US 11,721,318 B2
Singing voice conversion
Chengzhu Yu, Bellevue, WA (US); Heng Lu, Sammamish, WA (US); Chao Weng, Fremont, CA (US); and Dong Yu, Bothell, WA (US)
Assigned to TENCENT AMERICA LLC, Palo Alto, CA (US)
Filed by TENCENT AMERICA LLC, Palo Alto, CA (US)
Filed on Oct. 14, 2021, as Appl. No. 17/501,182.
Application 17/501,182 is a continuation of application No. 16/789,674, filed on Feb. 13, 2020, granted, now 11,183,168.
Prior Publication US 2022/0036874 A1, Feb. 3, 2022
This patent is subject to a terminal disclaimer.
Int. Cl. G10L 13/027 (2013.01); G10L 13/07 (2013.01); G10L 13/047 (2013.01); G10L 13/00 (2006.01)

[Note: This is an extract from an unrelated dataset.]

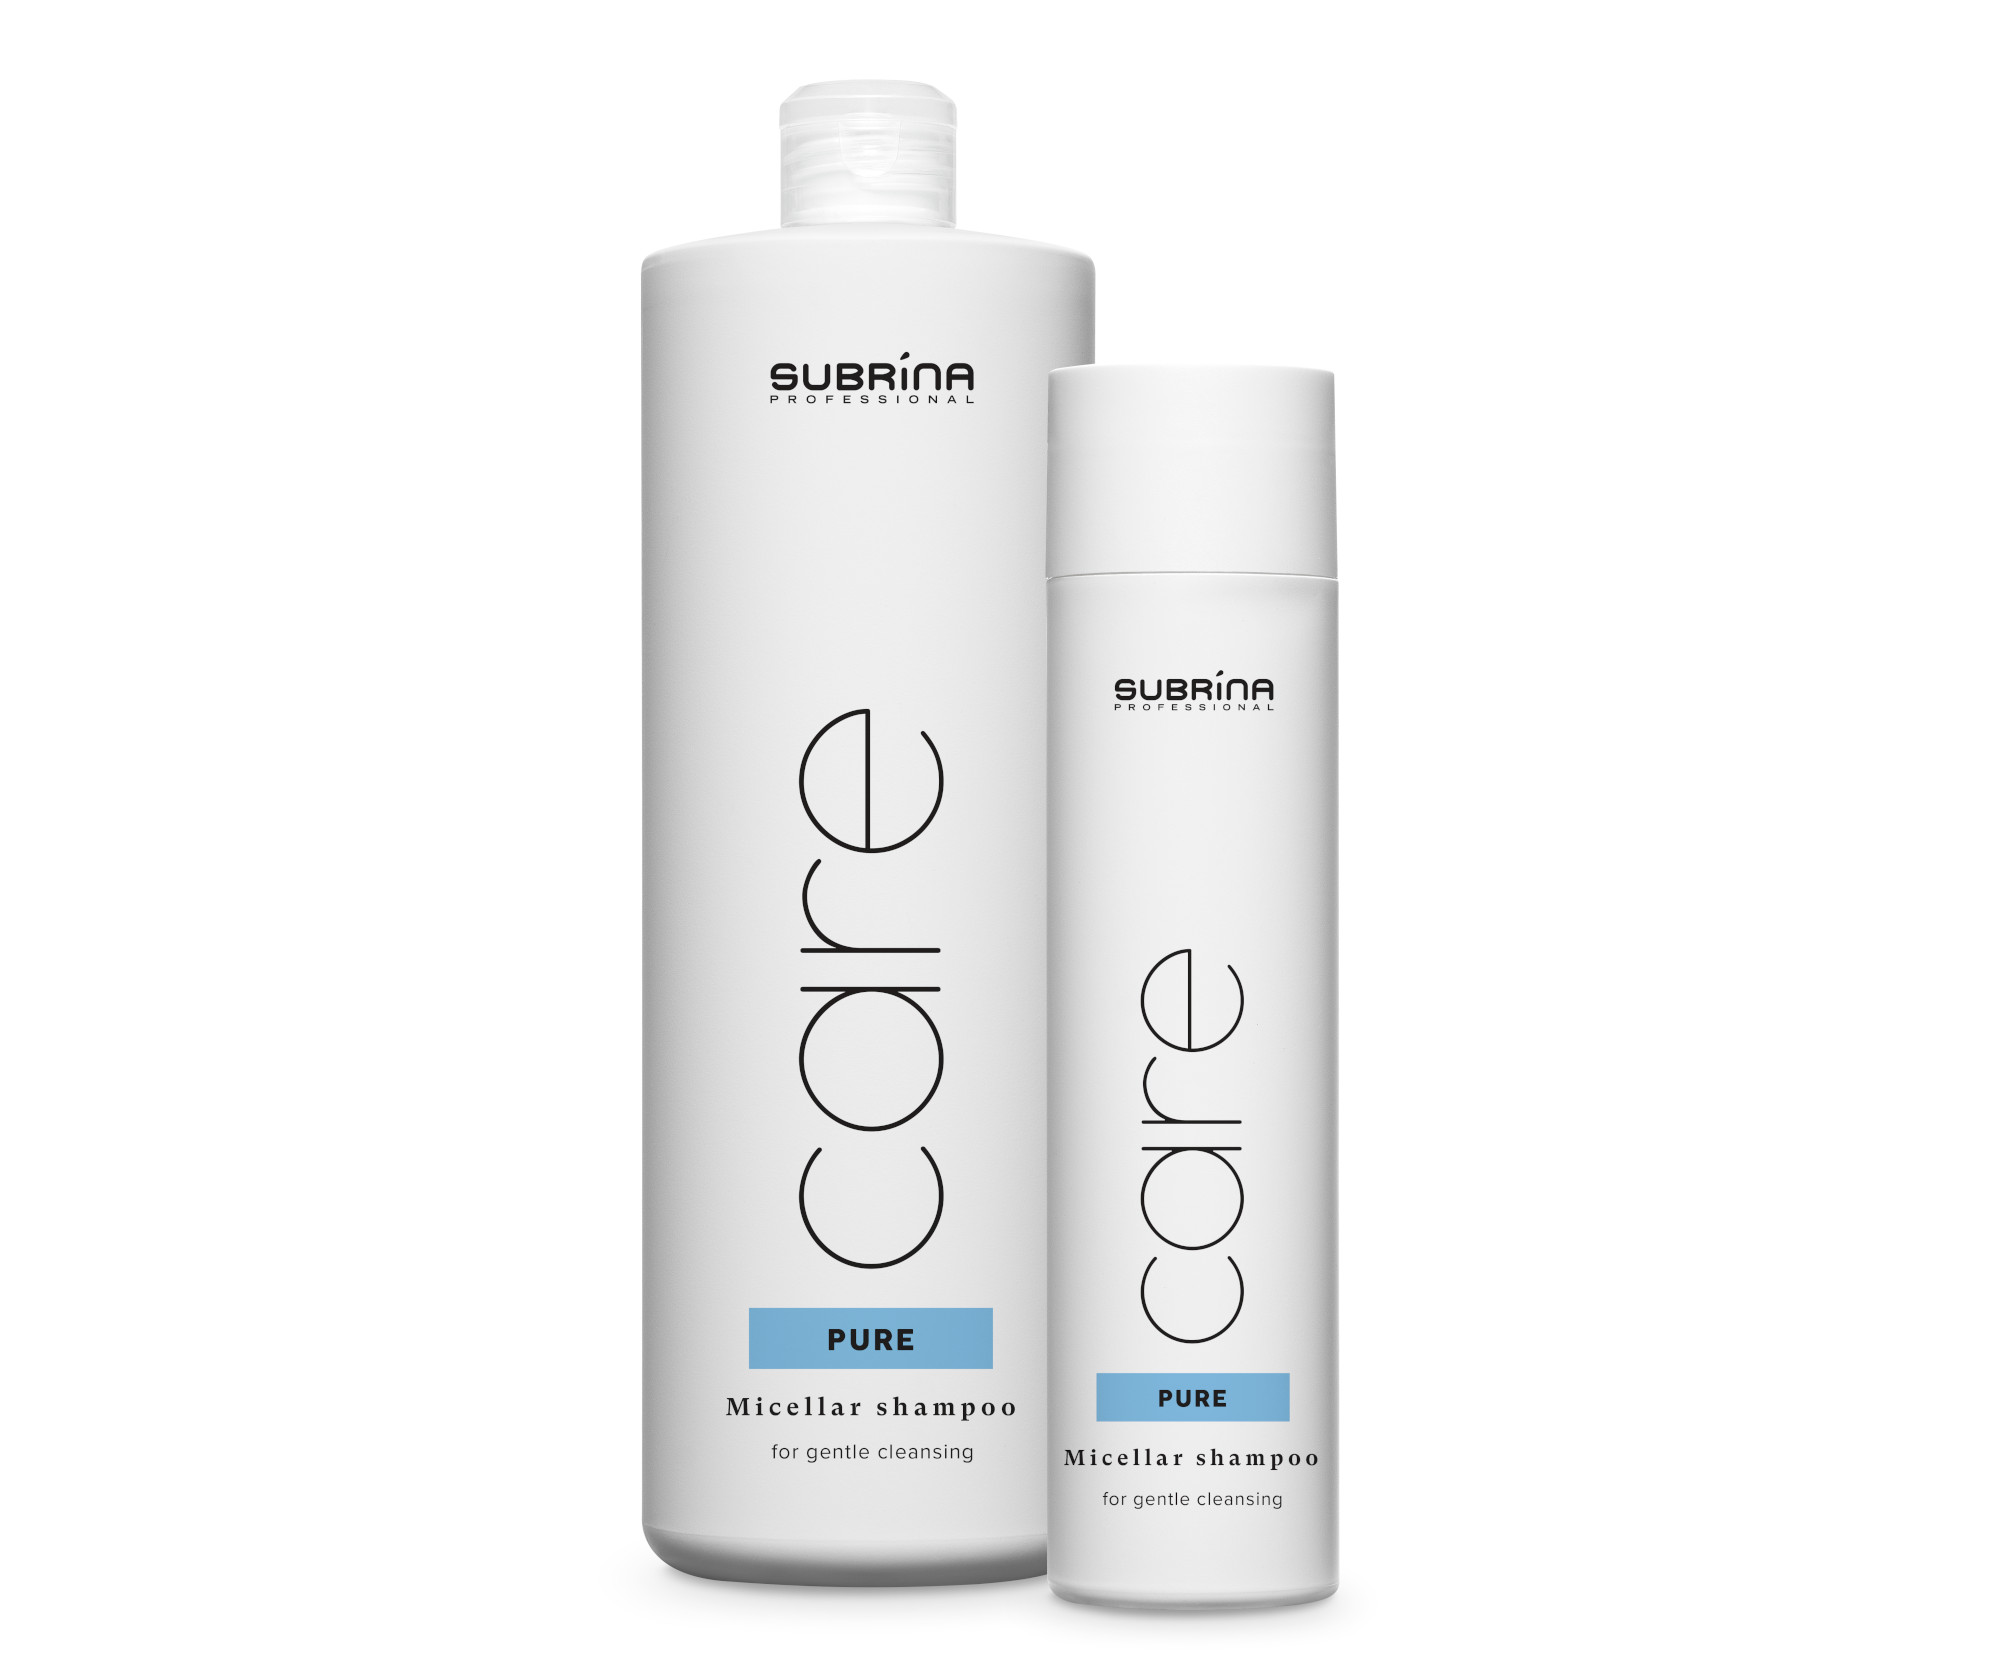 Objemový micelární šampon Subrina Professional Care Pure Micellar - 1000 ml + šampon 250 ml zdarma + dárek zdarma

CPC G10L 13/027 (2013.01) [G10L 13/00 (2013.01); G10L 13/047 (2013.01); G10L 13/07 (2013.01)] 20 Claims
OG exemplary drawing
 
1. A method of converting a first singing voice to a second singing voice, comprising:
encoding, by a computer, a context associated with one or more phonemes corresponding to the first singing voice and outputting a sequence of one or more hidden states containing a sequential representation associated with the one or more phonemes;
aligning, by the computer, the one or more phonemes to one or more target acoustic frames based on the encoded context;
recursively generating, by the computer, one or more mel-spectrogram features from the aligned one or more phonemes and the one or more target acoustic frames; and
converting, by the computer, a sample corresponding to the first singing voice to a sample corresponding to the second singing voice using the generated one or more mel-spectrogram features,
wherein the aligning the one or more phonemes to the one or more target acoustic frames comprises expanding the one or more hidden states of the output sequence based on a duration associated with each phoneme, and aligning the expanded one or more hidden states to the one or more target acoustic frames.